Harvest is a bustling time of year in and around the winery, however in the months preceding I begin the careful process of hand selecting the very best fruit while it’s still on the vine. It is necessary for our vineyard crews to understand our high standards, and “drop” any berry clusters that are less desirable. Dropping fruit is a measure we take in both of our estate vineyards to ensure that only the best fruit is harvested.
(Left: No grape cluster is perfect. Right: Fruit clusters that do not meet our standards are cut off and dropped.)
(The diagram above corresponds with the following discussion points.)
A: Once the berries have been hand harvested and brought to the winery, they are gravity fed into a hopper.
B: Harvest workers examine each berry cluster on a sorting table, eliminating any clusters that are undesirable.
C: The clusters that make the grade travel up a conveyor belt and are gently gravity fed into destemming equipment.
D: Following the de-stemmer, the berries are optically sorted.
Cuvaison Estate Wines was one of the first, if not the first winery in the United States to employ the use of a Pellenc Optical Sorter.

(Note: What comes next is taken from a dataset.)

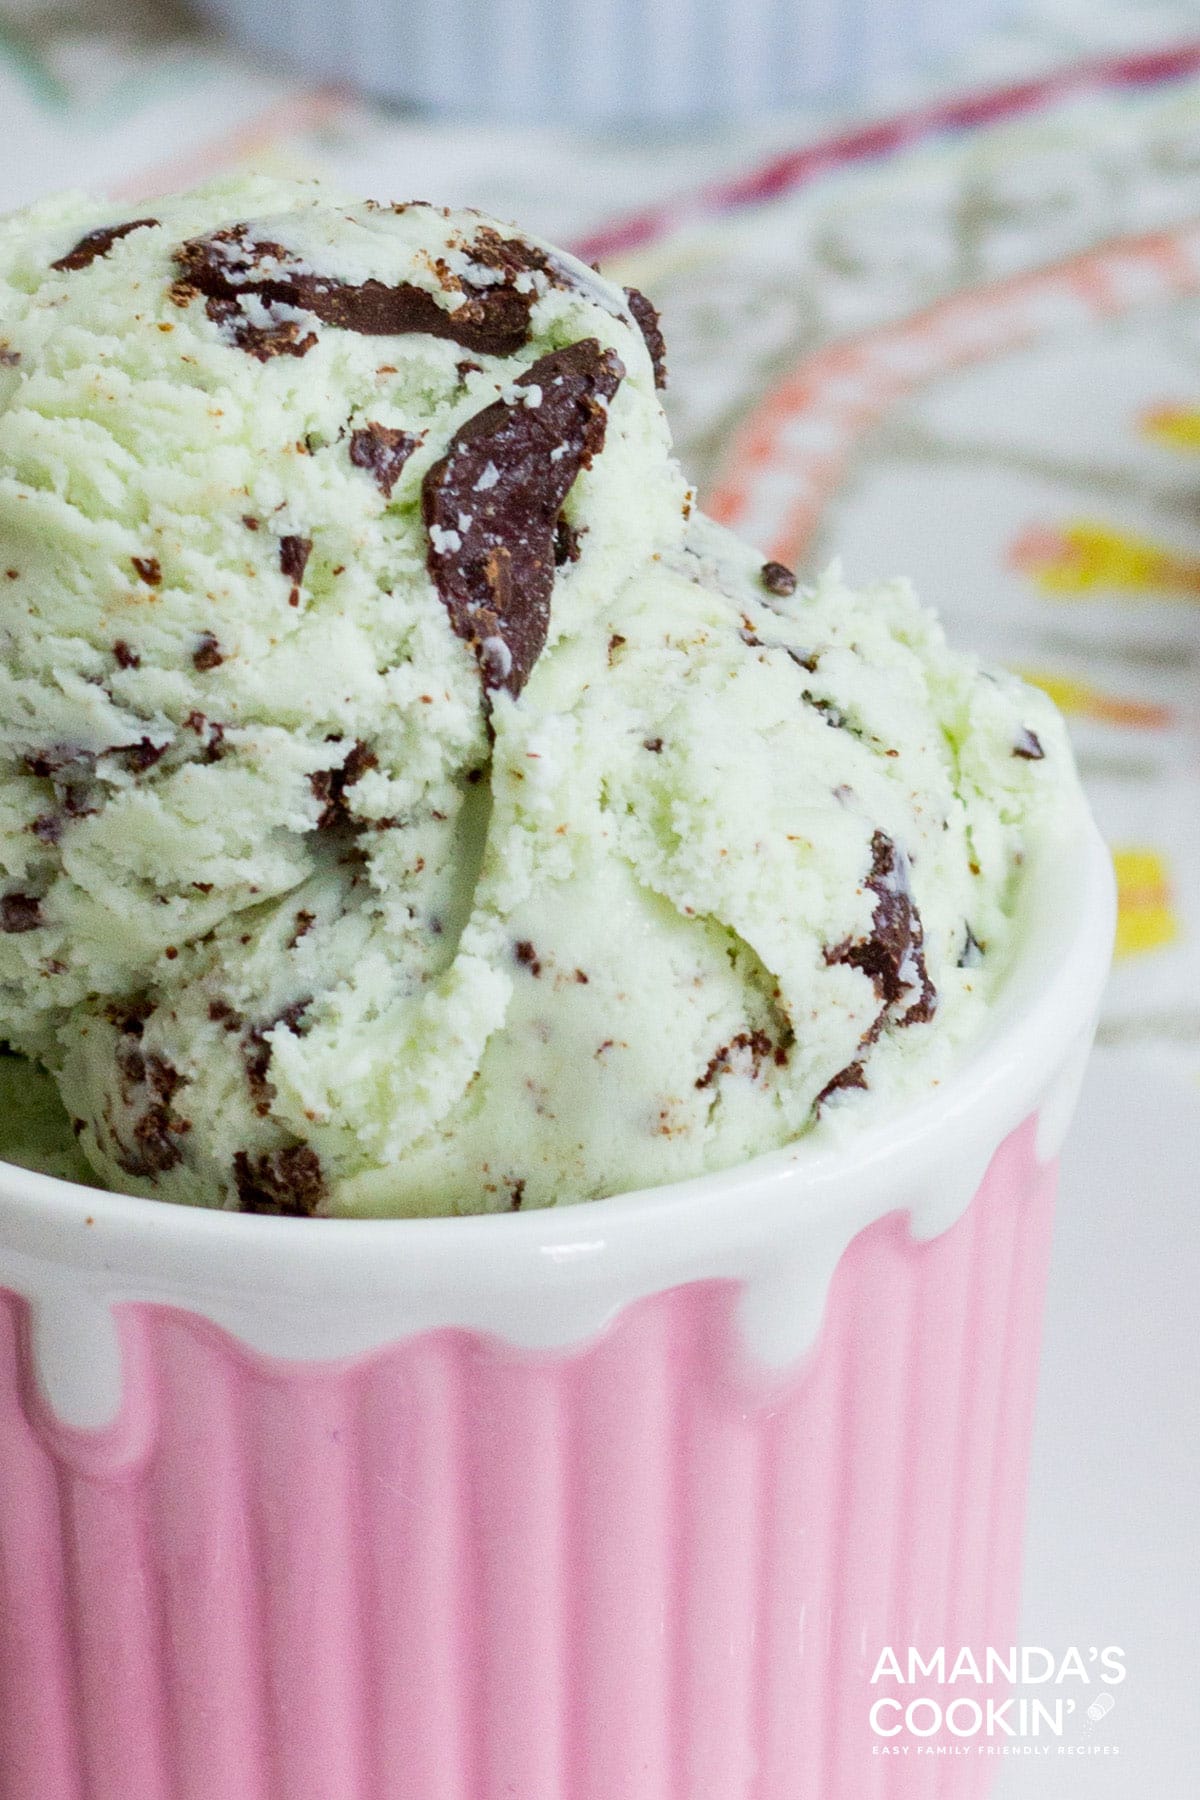 MINT CHOCOLATE CHIP ICE CREAM IN PINK DISH
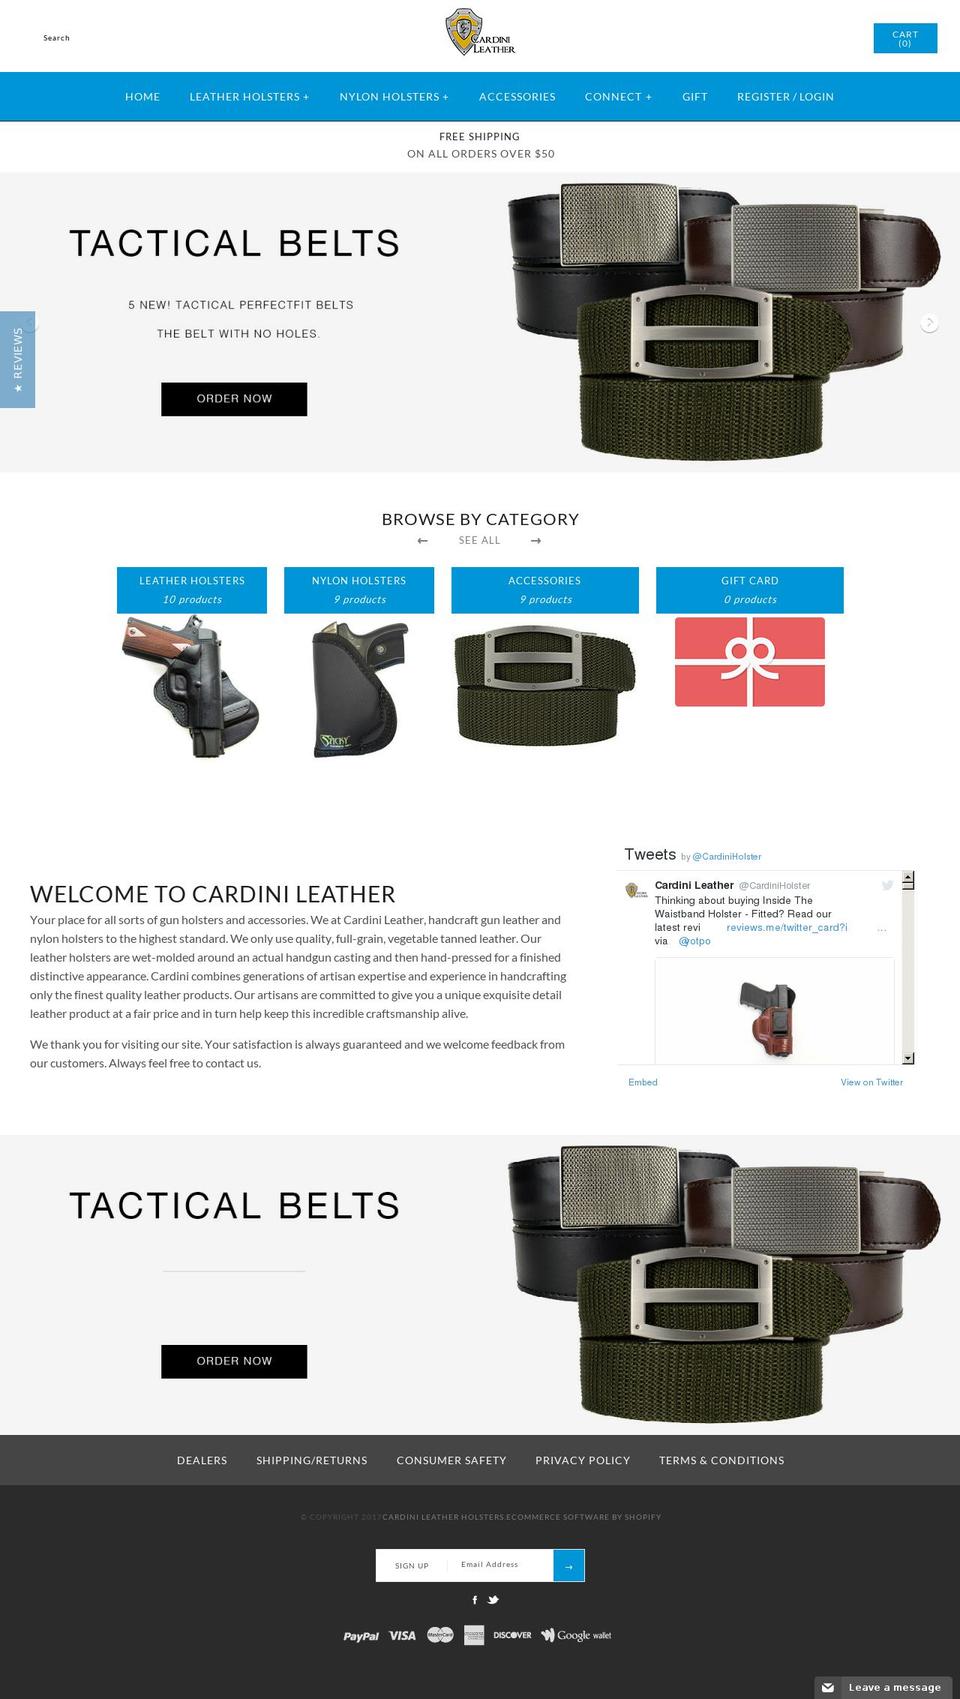 MAX Shopify theme site example cardinileather.com

We use this highly tuned French technology for both Cuvaison Pinot Noir and Brandlin Cabernet Sauvignon grapes.
The optical sorter scans individual berries at a rate of 1000 berries per second, and rejects those that do not meet our stringent criteria. With its high accuracy, we have peace of mind knowing that only the finest fruit will make it into our wines.
The image above shows a comparison between berries that the optical sorter rejected (at left) and the berries that the optical sorter identified as keepers (at right).
Once the berries are optically sorted, they are pressed. Many wineries transfer the freshly pressed juice via a hose, however we believe this fresh and delicate product must be handled more gently. Therefore we gravity feed into stainless steel open top fermenters.